What are some of the novel aspects of this project?

Traditionally, genebanks rightly focus on conserving crop diversity, but putting it to use gets less attention and resources. The BOLD project is designed to change this, by supporting better management of national seed collections but also encouraging the genebanks to work more closely with plant breeders, farmers, seed producers and the like to put new, climate-resilient varieties into the hands of farmers. 

Farmers are key to this: we need to understand what they need and make sure that new varieties meet those needs, and end up doing well in their fields.

In doing this, BOLD is continuing the pre-breeding work started under the Crop Wild Relatives Project

We are working on seven crops that play important roles on small-scale farms in the developing world, ranging from niche crops like alfalfa and grasspea to well-known staples like potato and rice. There are also durum wheat, finger millet and barley. A diverse bunch.

Diversity is what BOLD is all about.

 

How does the project plan to ensure that new, better seeds reach the farmers that need them? 

A lot of times, you can develop a variety but how do you produce seed in sufficient quantity and scale to get to all the farmers that might want to try it out?
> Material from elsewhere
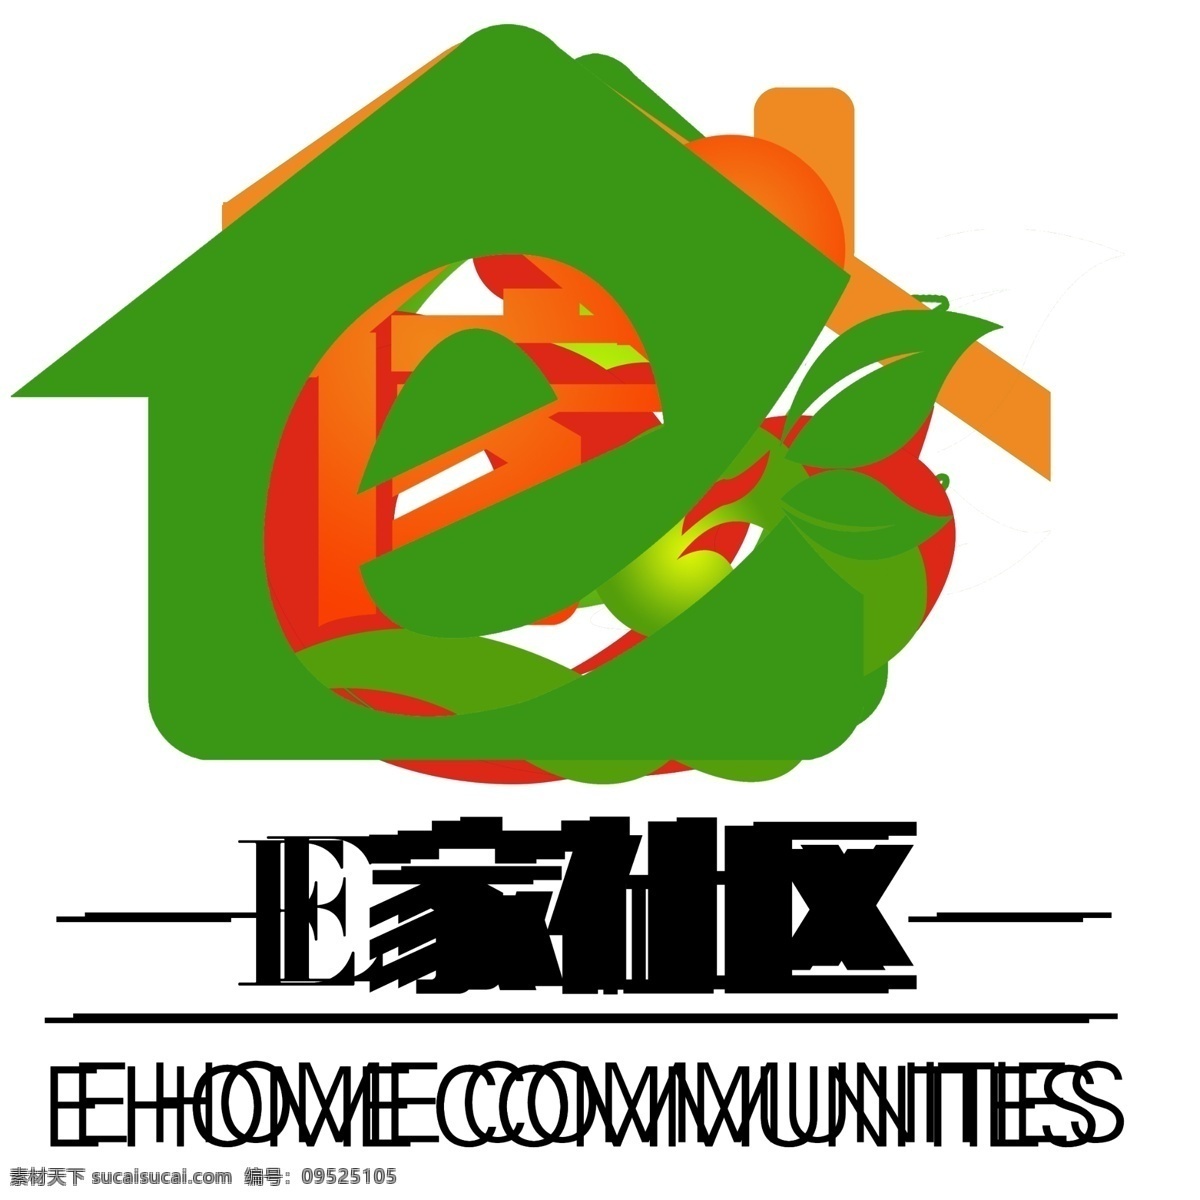 e 家 社区 logo e家社区 社区logo 居委会爱心 房子 叶子 logo设计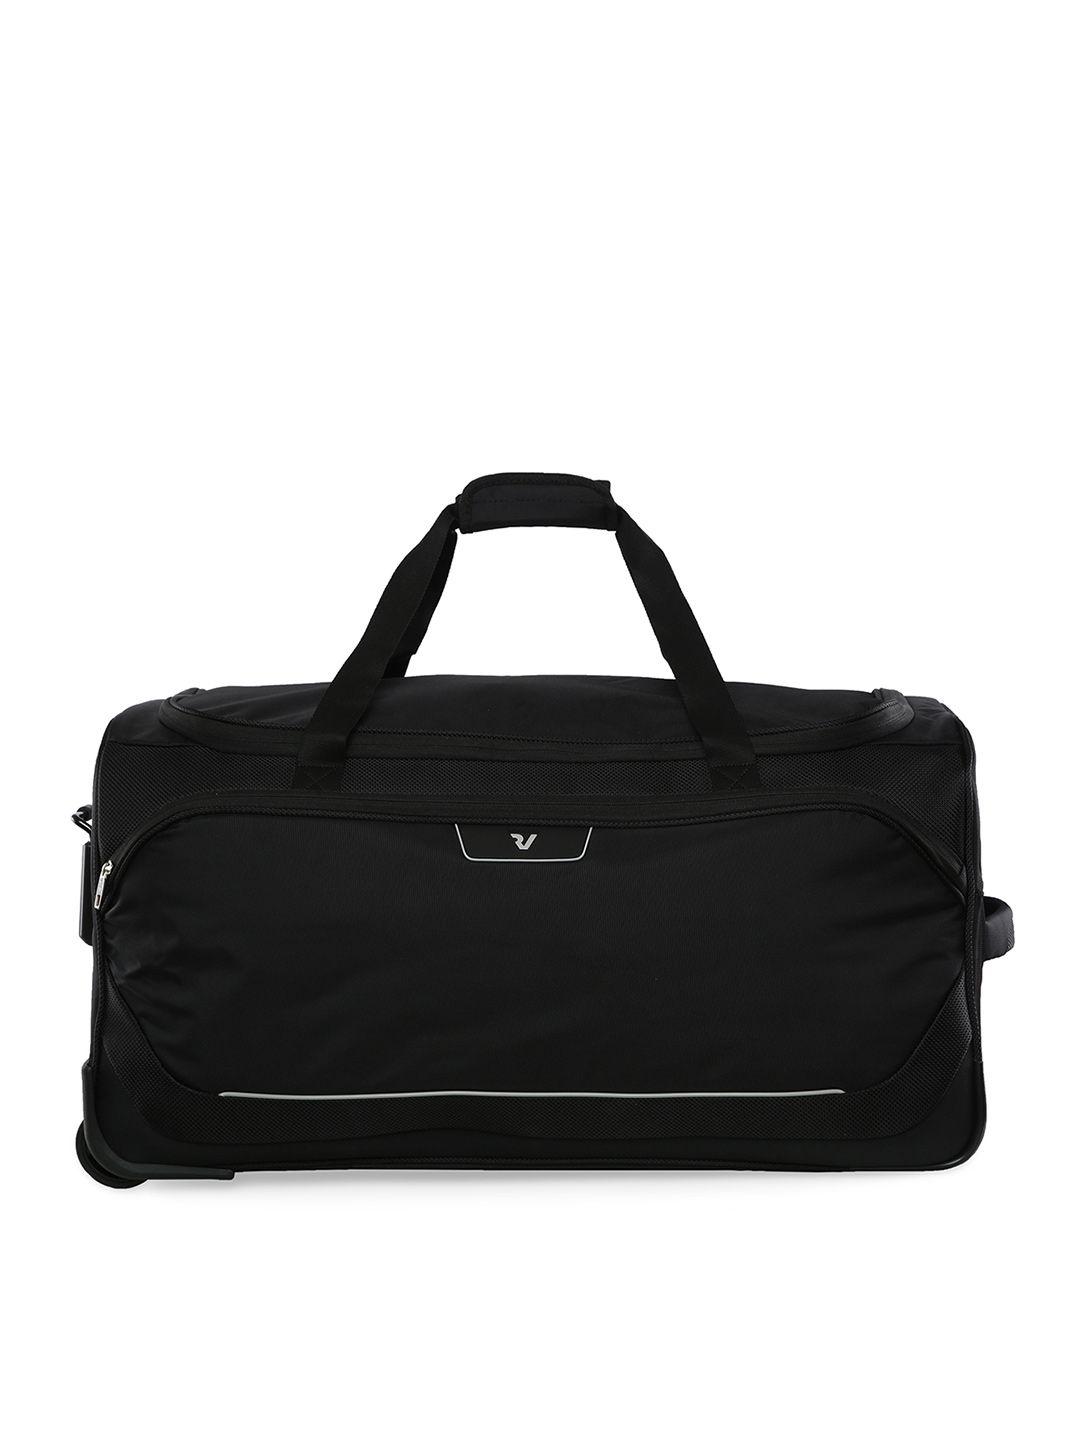 roncato joy range black color poliestere material soft medium size duffel bag

Unless you have a well-developed seed system – with working linkages from genebanks, to plant breeders to seed growers, and effective policies, laws and regulations – it is not going to happen.

BOLD is looking at both the formal and informal side of the seed system, which is important. In the Global South, various types of farmer-to-farmer exchanges account for maybe 80% of the seed that farmers use. Farmers conserve their own seed and exchange it among themselves, leading to the development of landraces, or farmers’ varieties. This is where most of our crop diversity comes from. 

But many countries have seed laws and policies that prevent farmers from selling these landraces on the formal market, for example. This is where crop genebanks can play a role as a key component of better seed systems – making sure that the diversity of these landraces is made known to breeders and other stakeholders and is available for different types of use.

So how can we have seed systems that benefit all those involved, from the farmer to the consumer? This is where an important additional component of BOLD’s work comes in, led by the Norwegian University of Life Science: designing a better, more inclusive seed system.

 

This is the first of the BOLD genebank reviews that you have been on. Can you say something about your impressions of the process?

Taking part in this visit has been a wonderful experience. There’s nothing like seeing for yourself what is actually happening in the lab and field. 

To come and see what is being done firsthand, to talk to the people who are behind these operations, has been very eye-opening. These sort of one-on-one interactions help develop trust and a spirit of partnership between us at the Crop Trust, the reviewers and the genebank staff.

We’re all committed to strengthening genebanks and improving food security and I think meeting each other face to face and developing this trust and rapport is perhaps what is most important about the reviews.